At the end of 2016, a group of investors approached me. They loved the way I cooked and had an idea to open a rotisserie chicken place with a speakeasy bar at the back, so I joined the team that created Chicken+Whiskey in DC. I’m still a business partner at the restaurant. Around the same time, I created Seven Reasons in DC with my Argentine business partner, Ezequiel Vázquez-Ger. He’s an economist and political consultant. He had eaten at Alma, and one day he asked if I wanted to open a restaurant in Washington DC together. We opened with a little hope, all the possible motivations, and tried to do our best. We never expected all the accolades we achieved, including recognition from the Washington Post, Esquire, and more.
We immigrants have contributed everything to gastronomy in the States. Without immigrants, there’s no food at all. We carry our culture in our palate. Every time we migrate, we carry and share our culture. When you have a gathering of immigrants, we always bring something to eat. We share everything on the table.
So I didn’t hesitate when Italian immigrant Peter Schechter proposed the idea of Immigrant Food to me. I obviously fell in love. As an immigrant, he understood my story and how we can support immigrants in this country. We’re an advocacy restaurant and partner with NGOs to let them use our upstairs space for English classes, legal advice, and other gatherings. Supporting immigrants is the core of everything we do. We source as much as possible from local farms, immigrant-run farms, and refugees. We work with a kitchen collective for Syrian refugees.
A restaurant was the right establishment to support immigrants in the country’s capital because we have to be proud and show our culture. There’s no better place than DC, which is a very multicultural city. When we first opened in November 2019, I was a bit scared as we’re located just a few blocks away from the White House. When we found the location, I told Peter we’re crazy. But, we actually received orders from there. We don’t know for who, but sometimes we get over 20 orders from the White House.

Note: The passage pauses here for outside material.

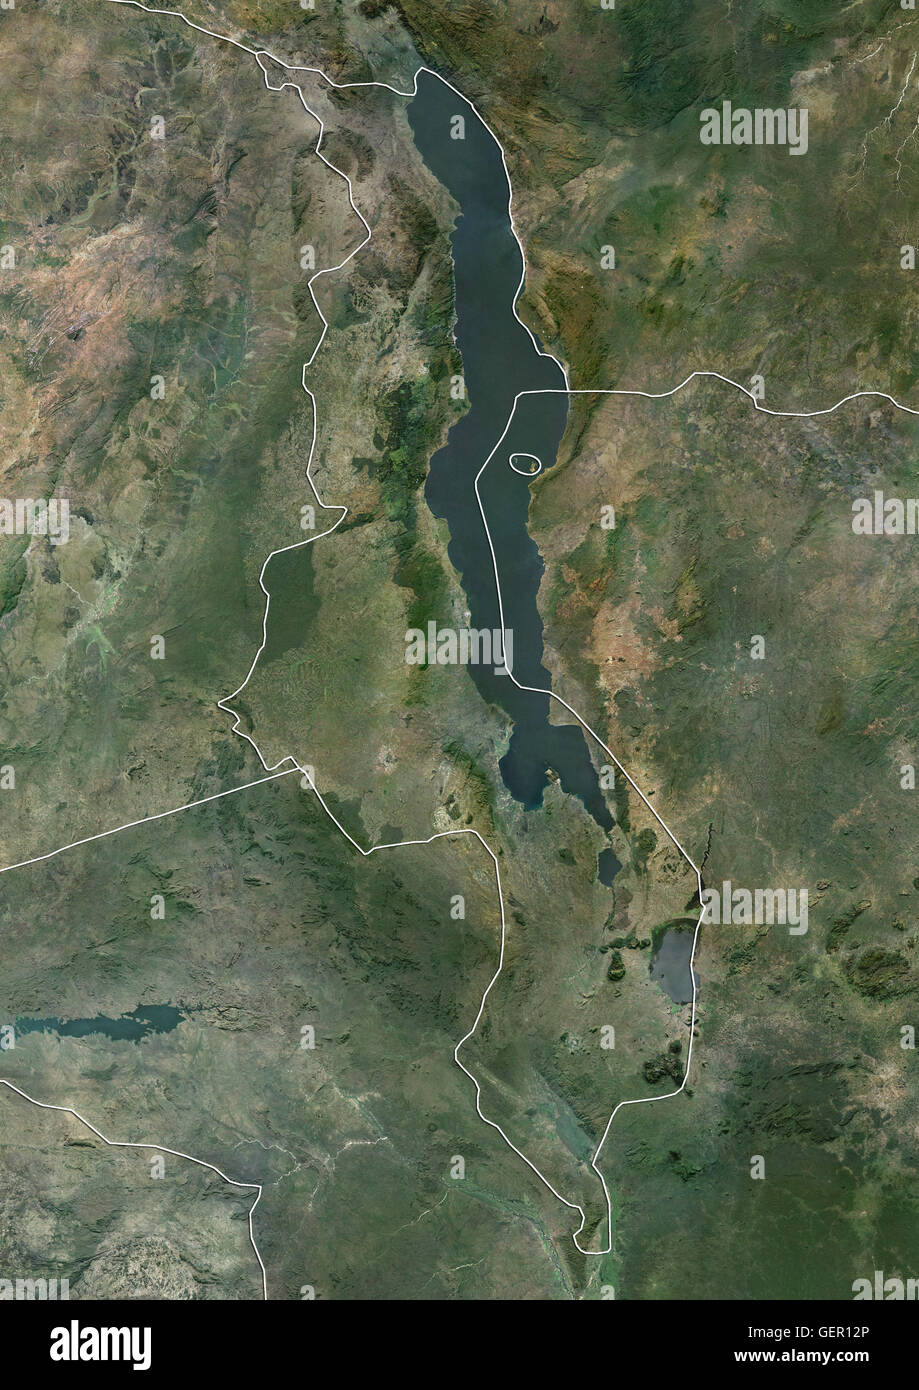 Satellitenansicht von Malawi (mit Ländergrenzen). Dieses Bild wurde aus Daten von Landsat-Satelliten erworben erstellt. Stockfoto

We celebrate immigration through food. Making the menu was a huge challenge. It’s like 20 restaurants inside of one. I took a piece of paper and made a very detailed spider web with countries, ingredients, and spices. I started to notice certain ingredients repeating in different places. I started to think about how I can create something to represent El Salvador and Ethiopia. Both country’s cuisines consist of rice, spice, and plantains. I created a fusion between Ethiopian and Salvadorian. It was gorgeous, but I lost half of my hair creating the menu. My beard is now completely white.
I love our partnership with Tables Without Borders that helps refugees. They’re the real chefs from those countries. We work with them side by side to create truly authentic food. I’m growing my creativity every time we do something with one of those chefs. Last week I spent time cooking with a chef from the Ivory Coast. He tasted the dish, and he said it tasted as if his mother made it. We dream of opening an Immigrant Food restaurant in every state and bringing these dishes to everyone!
Being the chef of Immigrant Food feels like achieving a lifelong dream. It gives me the motivation to keep going. I don’t work. I play every day.